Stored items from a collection
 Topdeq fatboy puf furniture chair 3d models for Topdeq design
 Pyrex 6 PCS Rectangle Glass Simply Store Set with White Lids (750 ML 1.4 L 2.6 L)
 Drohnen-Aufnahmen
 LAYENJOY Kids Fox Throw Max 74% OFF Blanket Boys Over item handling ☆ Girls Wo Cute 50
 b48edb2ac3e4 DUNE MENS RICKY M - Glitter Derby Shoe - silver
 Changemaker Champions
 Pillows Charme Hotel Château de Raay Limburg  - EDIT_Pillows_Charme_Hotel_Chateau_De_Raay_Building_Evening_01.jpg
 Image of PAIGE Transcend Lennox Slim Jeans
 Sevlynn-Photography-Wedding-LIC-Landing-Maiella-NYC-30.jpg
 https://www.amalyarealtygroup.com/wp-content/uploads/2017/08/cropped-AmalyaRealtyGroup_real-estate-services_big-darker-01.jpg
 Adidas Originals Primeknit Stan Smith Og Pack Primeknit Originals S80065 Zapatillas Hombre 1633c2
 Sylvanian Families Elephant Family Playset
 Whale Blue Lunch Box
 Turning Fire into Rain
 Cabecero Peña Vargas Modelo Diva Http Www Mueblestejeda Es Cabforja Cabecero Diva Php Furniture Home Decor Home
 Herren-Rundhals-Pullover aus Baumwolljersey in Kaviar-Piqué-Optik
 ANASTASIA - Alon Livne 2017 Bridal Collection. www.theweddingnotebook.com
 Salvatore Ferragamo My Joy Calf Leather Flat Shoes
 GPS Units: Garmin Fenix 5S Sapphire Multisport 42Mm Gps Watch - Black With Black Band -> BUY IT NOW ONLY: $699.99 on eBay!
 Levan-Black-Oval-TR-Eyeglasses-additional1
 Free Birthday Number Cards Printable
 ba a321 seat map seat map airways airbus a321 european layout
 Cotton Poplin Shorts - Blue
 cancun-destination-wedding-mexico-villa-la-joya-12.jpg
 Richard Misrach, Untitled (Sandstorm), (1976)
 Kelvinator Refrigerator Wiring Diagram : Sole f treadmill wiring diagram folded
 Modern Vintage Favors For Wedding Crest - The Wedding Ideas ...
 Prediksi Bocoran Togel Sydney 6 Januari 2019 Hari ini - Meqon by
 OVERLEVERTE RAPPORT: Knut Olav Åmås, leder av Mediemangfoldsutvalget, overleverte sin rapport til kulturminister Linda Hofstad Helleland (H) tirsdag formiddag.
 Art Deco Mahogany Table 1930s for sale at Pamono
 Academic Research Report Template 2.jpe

### [Task description]
Output the lines above between the one holding "Levan-Black-Oval-TR-Eyeglasses-additional1" and the one holding "OVERLEVERTE RAPPORT: Knut", inclusive, with nothing before or after them.

### [Your response]
 Levan-Black-Oval-TR-Eyeglasses-additional1
 Free Birthday Number Cards Printable
 ba a321 seat map seat map airways airbus a321 european layout
 Cotton Poplin Shorts - Blue
 cancun-destination-wedding-mexico-villa-la-joya-12.jpg
 Richard Misrach, Untitled (Sandstorm), (1976)
 Kelvinator Refrigerator Wiring Diagram : Sole f treadmill wiring diagram folded
 Modern Vintage Favors For Wedding Crest - The Wedding Ideas ...
 Prediksi Bocoran Togel Sydney 6 Januari 2019 Hari ini - Meqon by
 OVERLEVERTE RAPPORT: Knut Olav Åmås, leder av Mediemangfoldsutvalget, overleverte sin rapport til kulturminister Linda Hofstad Helleland (H) tirsdag formiddag.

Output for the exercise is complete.